Sex jokes
I'm glad I'm not a pornstar... that would be pretty sucky.
Q: What's the best thing about fucking 28 year olds?
A: There's 20 of them.
My mother was suffering from menstrual pain. So I fucked her for 7 hours to ease her pain. I continued to do so for the next 6 days. Even after fucking her 51 times during her 7-day period, I fucked her 5-6 times a day for the next three months and stopped her period for 9 months! Only her son can understand and ease the pain of a mother.
British MP Sally Ann Hart has filed for divorce citing sexual unfulfillment.
Her husband couldn't fuck her the way her stupidity could.
What is the difference between paying $50.00 to receive an anonymous blow job from a physically challenged gay white male who is also a sex worker at a glory hole and paying $175.00 to receive an anonymous blow job from an able-bodied bisexual white female who is also a sex worker at a glory hole?
If you give $50.00 to receive an anonymous blow job from a physically challenged gay white male who is also a sex worker at a glory hole you are saving yourself $125.00. 💸😁
When is rape normal?
When it's called an unplanned pregnancy.
I hated church growing up as a child. It was always standing, kneeling, sitting, standing, kneeling, sitting. I wish the priest would just pick a position and f*** me!
A man is meeting a client in Japan, but arrives a day early. When night hit, he went out with a prostitute. They're having sex, but the prostitute kept shouting "Fuji, Fuji, Fuji!", so the man thinks he's doing a good job. The next day, the man meets his client and they go golfing, and the client gets a hole in one. The man praises him by going "Fuji, Fuji, Fuji!". His client turns around confused and says, "What do you mean wrong hole!?"
What's the difference between apples and dead babies?
I don't ejaculate on apples before I eat them.
A couple were trying new things in the bedroom to spice up their marriage. The husband would blindfold the wife, put on a condom and she would guess the flavor. They did this one time a night.

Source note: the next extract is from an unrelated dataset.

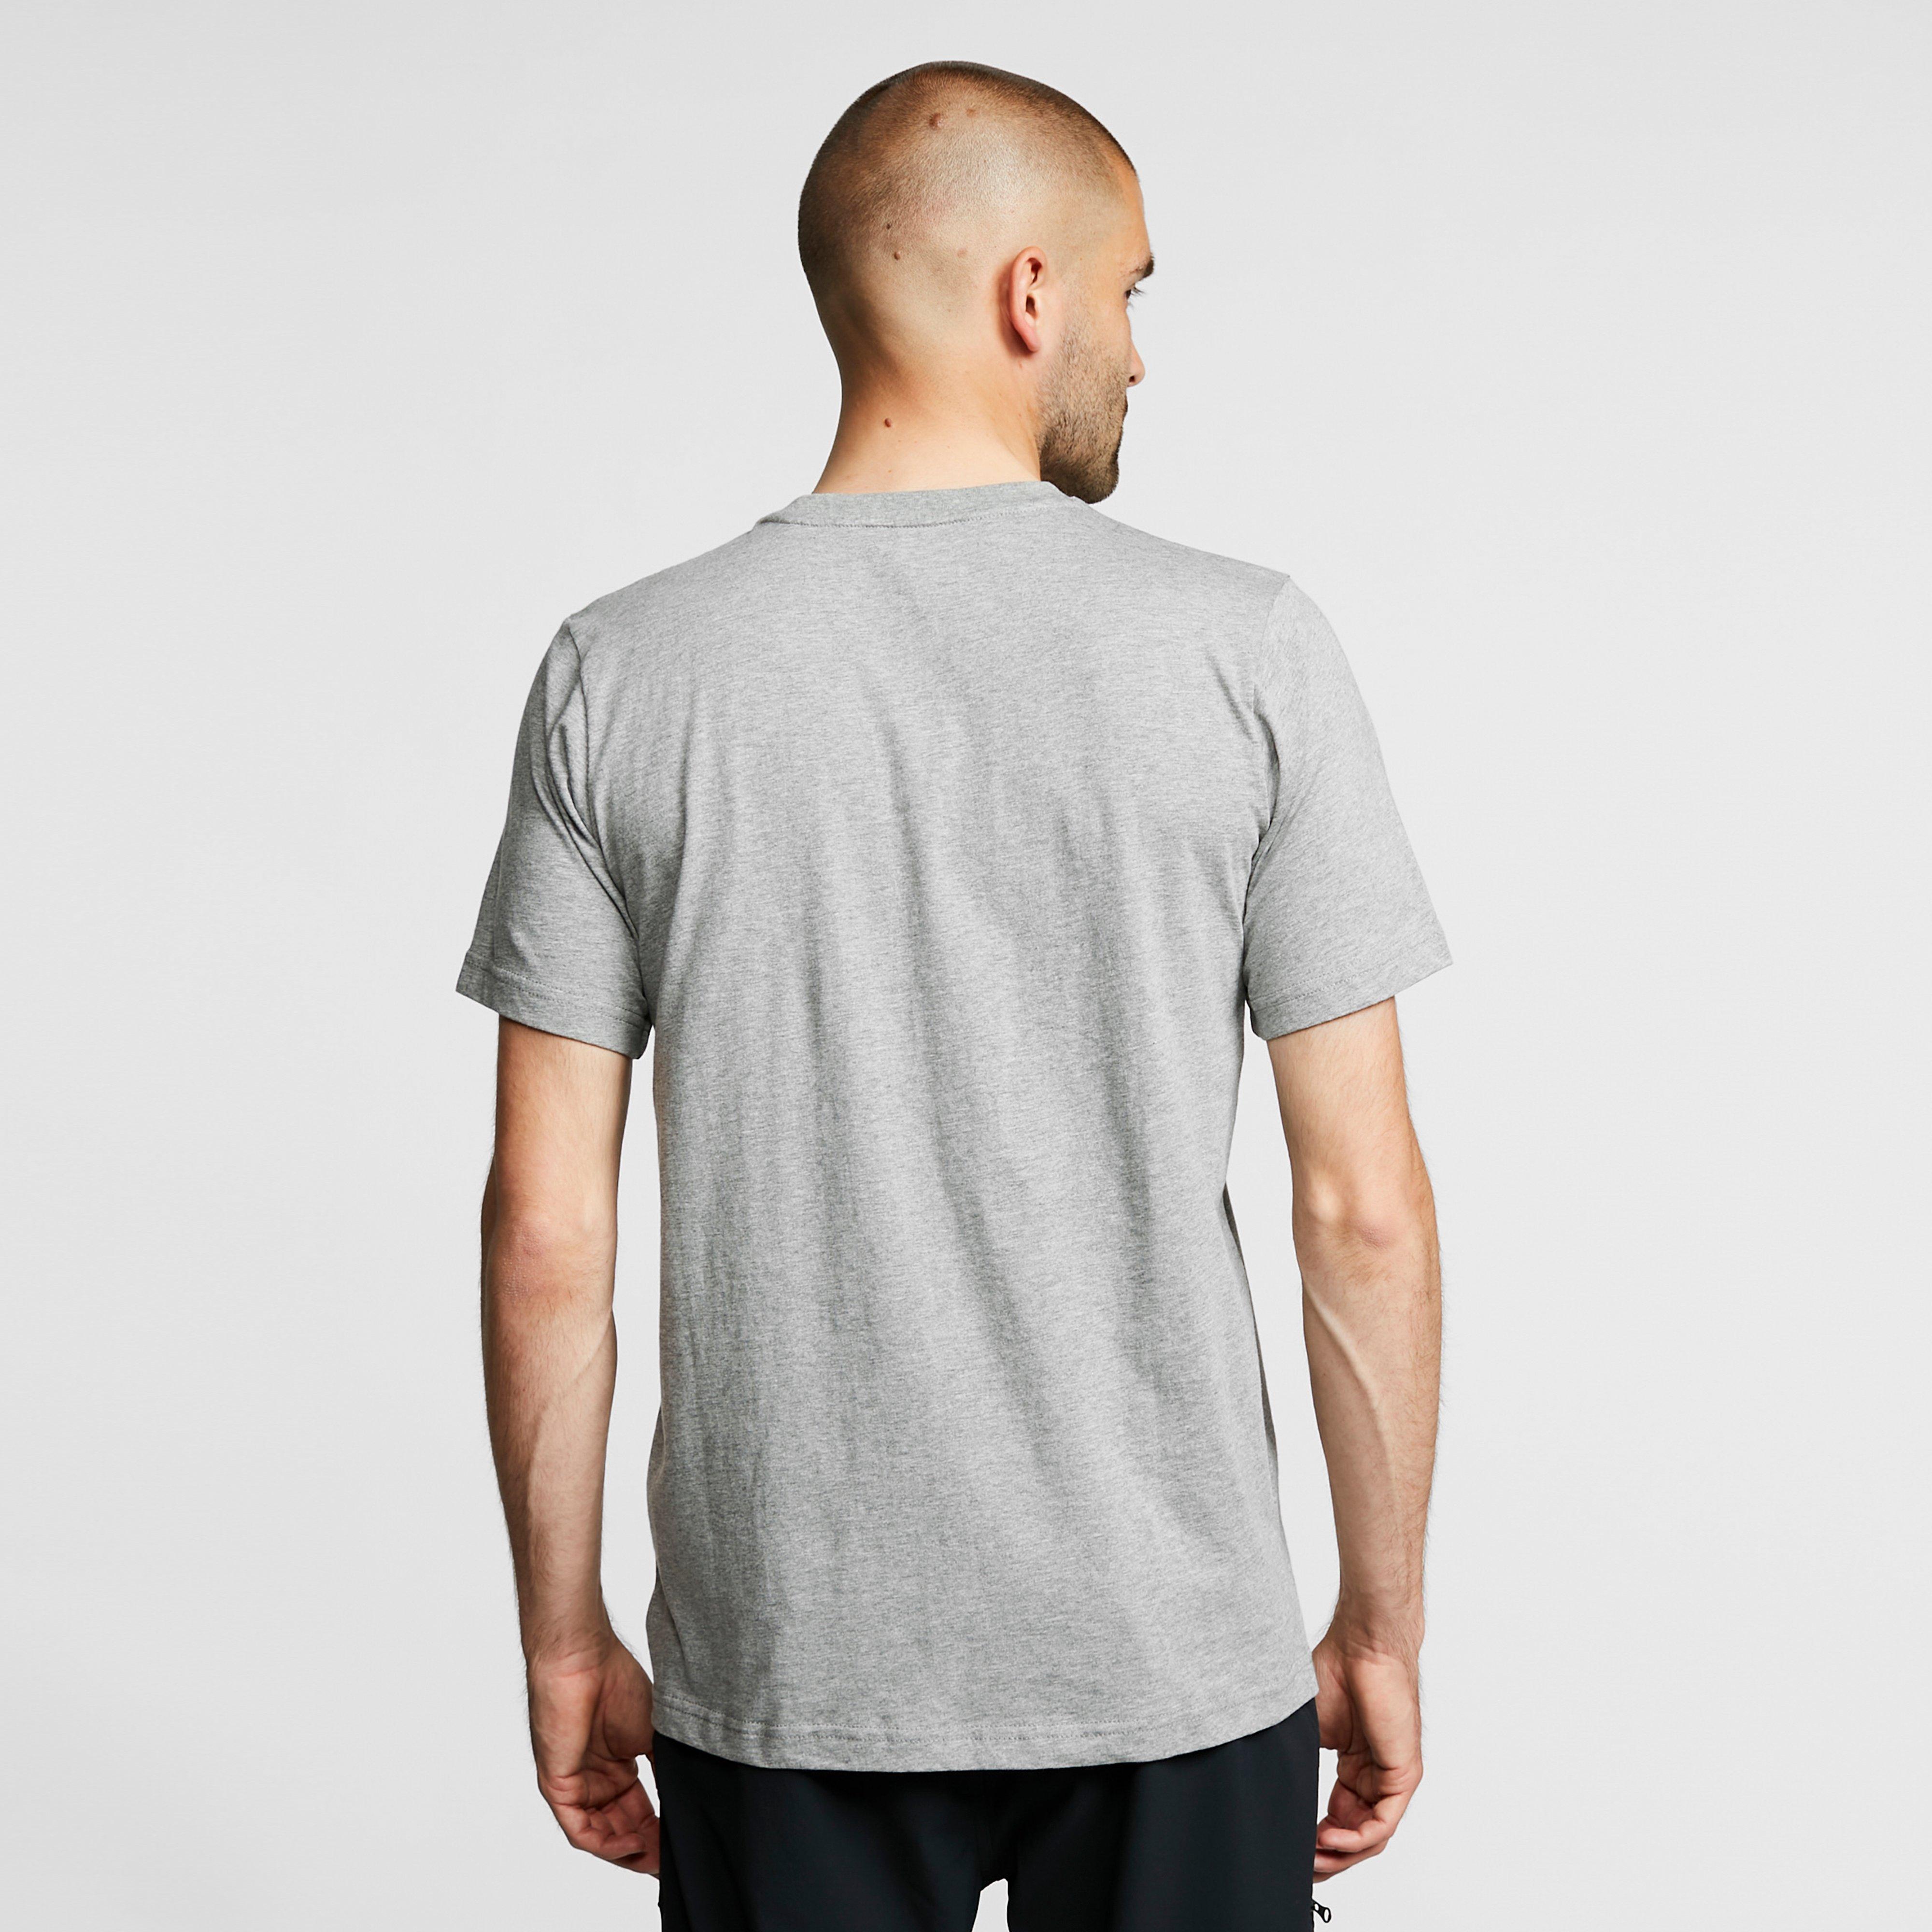 Berghaus Large Logo T-Shirt Review

The first night, she put the blindfold on and he put the condom on his dick and she tasted it, she immediately knew it was strawberry. The second night, the same thing happened except it was banana. The third night, she put the blindfold on and tasted his dick and said, "Eww it tastes like cheese and onions." The husband replied, "Hang on I haven't put the condom on yet."
How is smoking similar to oral sex?
The closer to the butt you get the stronger the flavor! 🤢
His boss gave him some projects to work on, but he failed at it.

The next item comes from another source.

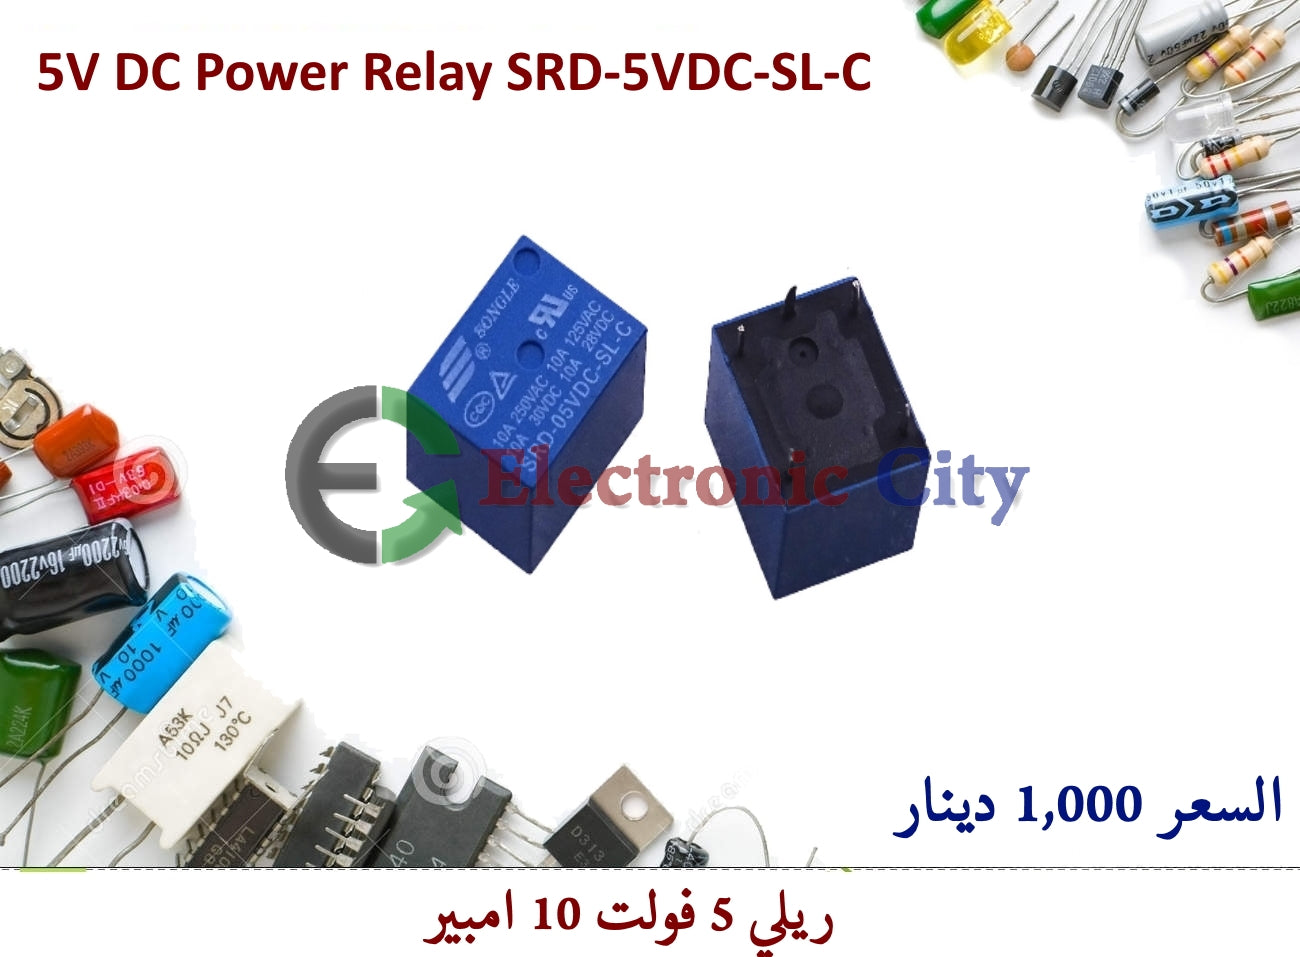 5V DC Power Relay SRD-5VDC-SL-C

His boss told him: "You suck."
And he started sucking his boss, after he was done.
His boss told him: "You suck for life!"
XD
What’s the best part about banging twenty-eight year olds? There are twenty of them.
What did the penis say to the condom?
"Cover me, I'm going in!"
My teacher asked us what sex is. My friend, Bobby, got up and said in a loud, clear voice, "Sex is a temptation caused by a sensation, where a boy puts his location into a woman's destination to increase the population of the next generation. Do you understand my explanation, or do you need a demonstration?" The teacher shot him 23 times before she fainted.

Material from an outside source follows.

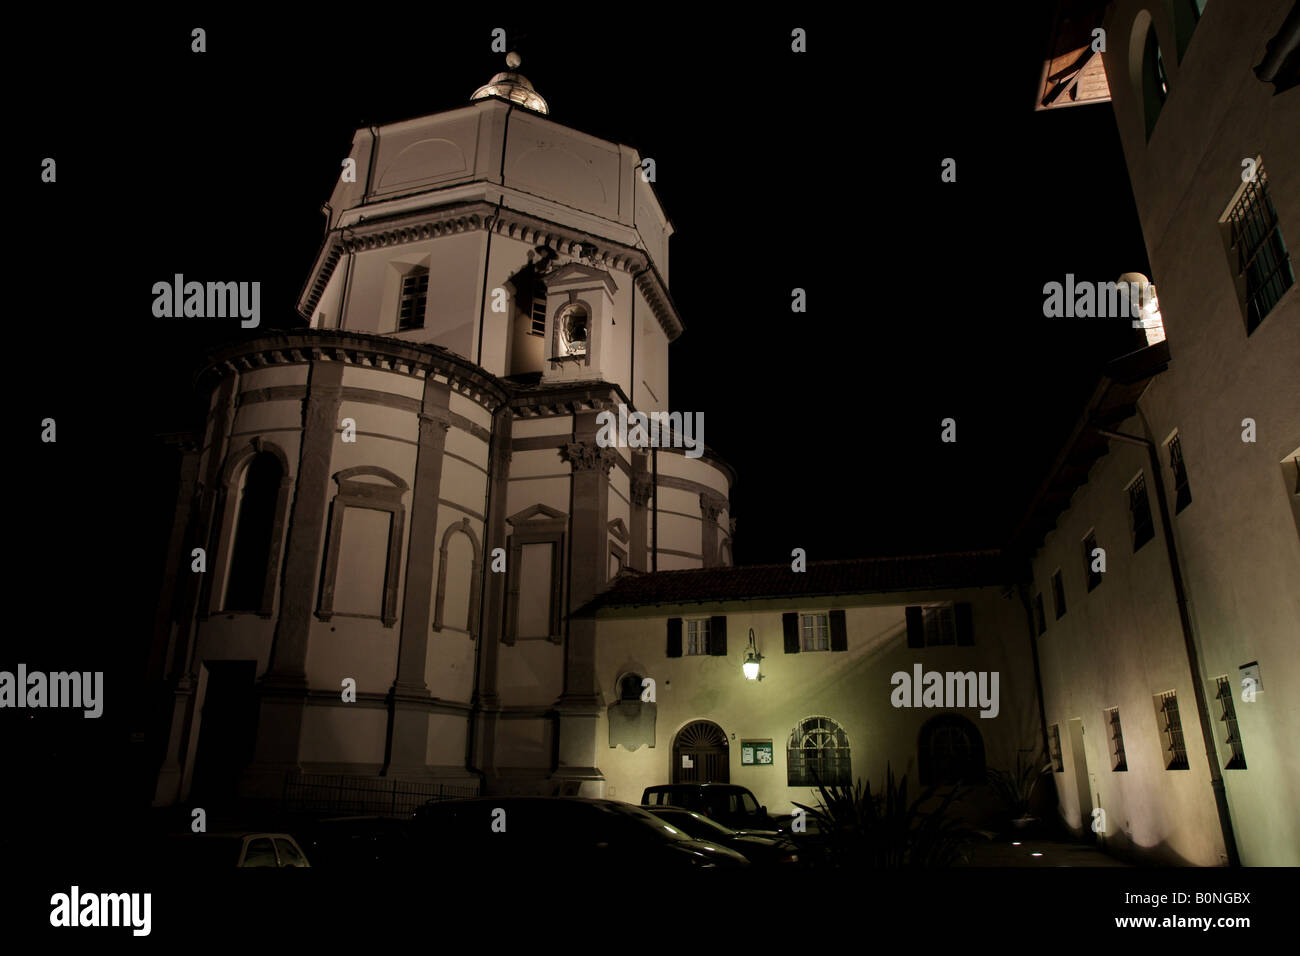 Montagna Museum und Cappuccini Kirche in der Nacht. Stockfoto

What do you call getting gonorrhea from a disabled person?
A slow clap.
Why does no one die a virgin? Cause life fucks us all.
What's the difference between a penis and the bible? Nothing, the priest shoved them both down my throat.
What do a fat woman and bricks have in common? They both get laid by Mexicans.
I like my women the way I like my sandwiches... A little meat between their buns.